Although PFGE is a cumbersome method, it has up to recently been considered the gold-standard in epidemiological investigation of hospital outbreak situations due to the high resolution and ability to discriminate strains with minor genetic changes51. This is especially important in typing hospital associated strains where the rate of recombination is assumed to be relatively low compared to the high rate of recombination found elsewhere52,53. In our investigation of the SØ12 outbreak, PFGE showed, as expected, and above the SNP profiling and MALDI-TOF MS analysis, the best resolution. However, results from all three methods suggested that the SØ12 outbreak actually embraced two different outbreaks originating from two distinct E. faecium strains. In addition, all three methods identified the index case strain as unrelated to the two main outbreak strains. The major drawback with PFGE is the time consuming laboratory protocol which may hamper or delay the discovery of an outbreak. The DNA restriction patterns may differ slightly due to technicalities and technician performances, and even if the band pattern analysis is performed by data software, subjective investigation by trained personnel is often necessary. Moreover, single variations can occur at restriction sites and lead to more than one band shift which may affect the epidemiological investigation19.

Whole genome sequencing (WGS) of bacterial pathogens via Next Generation Sequencing (NGS) technologies has emerged as a powerful tool for determining the relatedness of bacterial isolates in outbreak situations54,55,56. WGS analysis of entire genomes provides markedly higher resolution than those of conventional methods, and full genetic information can be obtained. Investigations of relatedness can be based on entire genome sequences, or e.g. in silico MLST or various SNP analyses can be performed. The SNP profiling done in the present work was based on eight informative SNP sites26, but several other SNP sites would be of great value for more accurate typing. Powerful NGS pipelines with reference genomes, e.g. the high-accuracy pipeline BactSNP57, are available for reliable epidemiological typing. NGS based methods have previously been shown to yield the best resolution and accurate epidemiological concordance of outbreaks with VRE54,58, and could certainly be used to further investigate the SØ12 outbreak. While WGS show many advantages over standard microbiological methods, it is not yet widely implemented in routine hospital diagnostics. Notable challenges have included bioinformatics workflow, costs, manpower, laboratory infrastructure, and quality control, but the technology is continuously developing towards more simple and affordable solutions59,60.

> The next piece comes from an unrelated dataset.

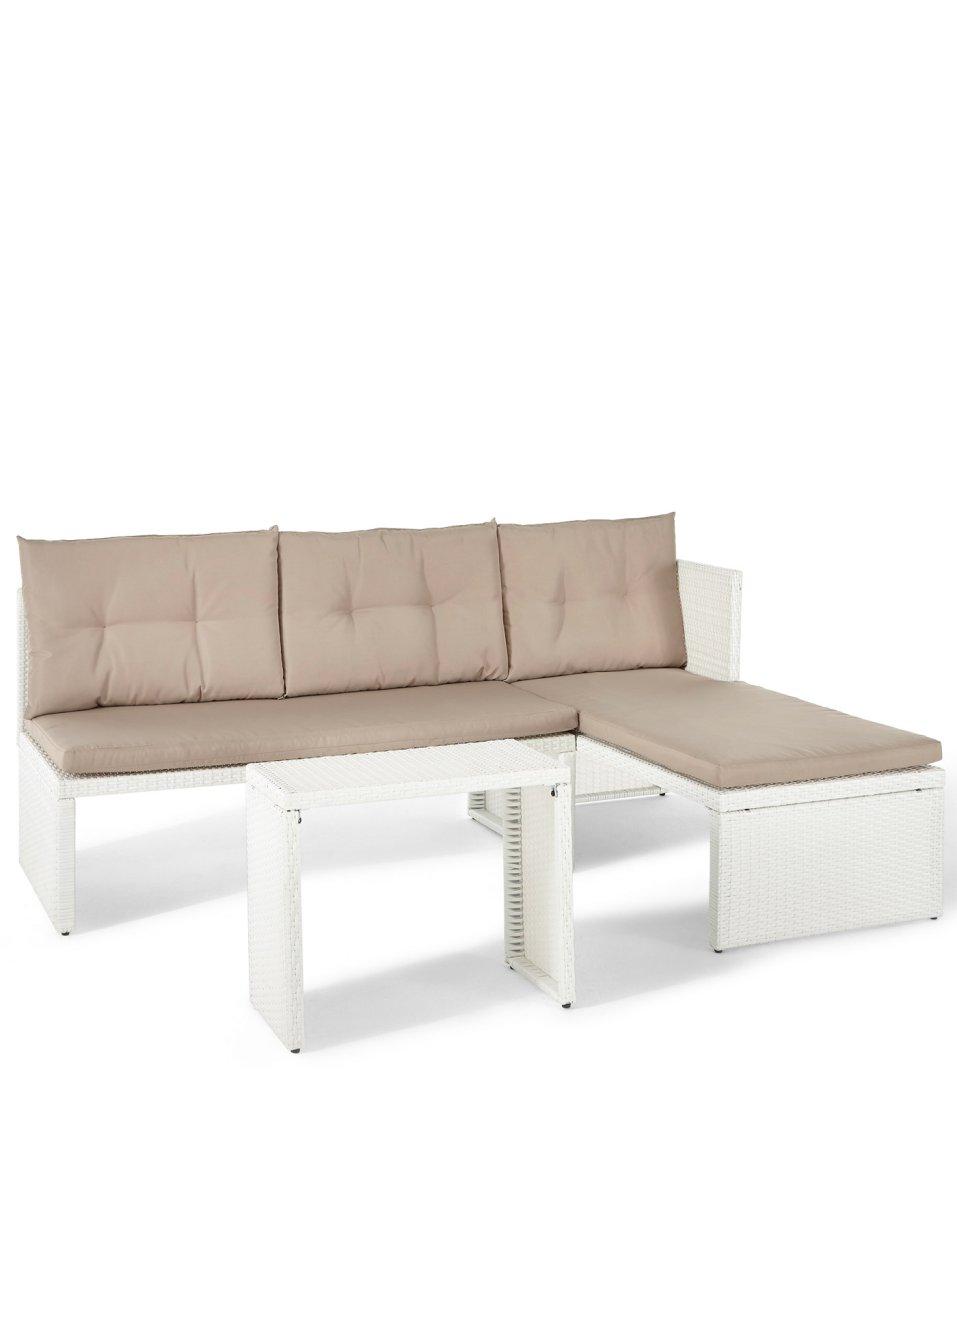 Mobili per balcone «Rhodos» (set 3 pezzi) Bianco/beige - Casa ...

Taken together, our present retrospect analysis of VRE isolates by PFGE allowed us to characterize the dynamics of the SØ12 outbreak, which surprisingly consisted of two distinct outbreaks. Moreover, our comparison of genotyping and clustering methods showed that despite lower resolution than PFGE, readily available MALDI-TOF MS data may be of great importance for infection control and prevention if routinely used in real-time microbiological surveillance in health care institutions.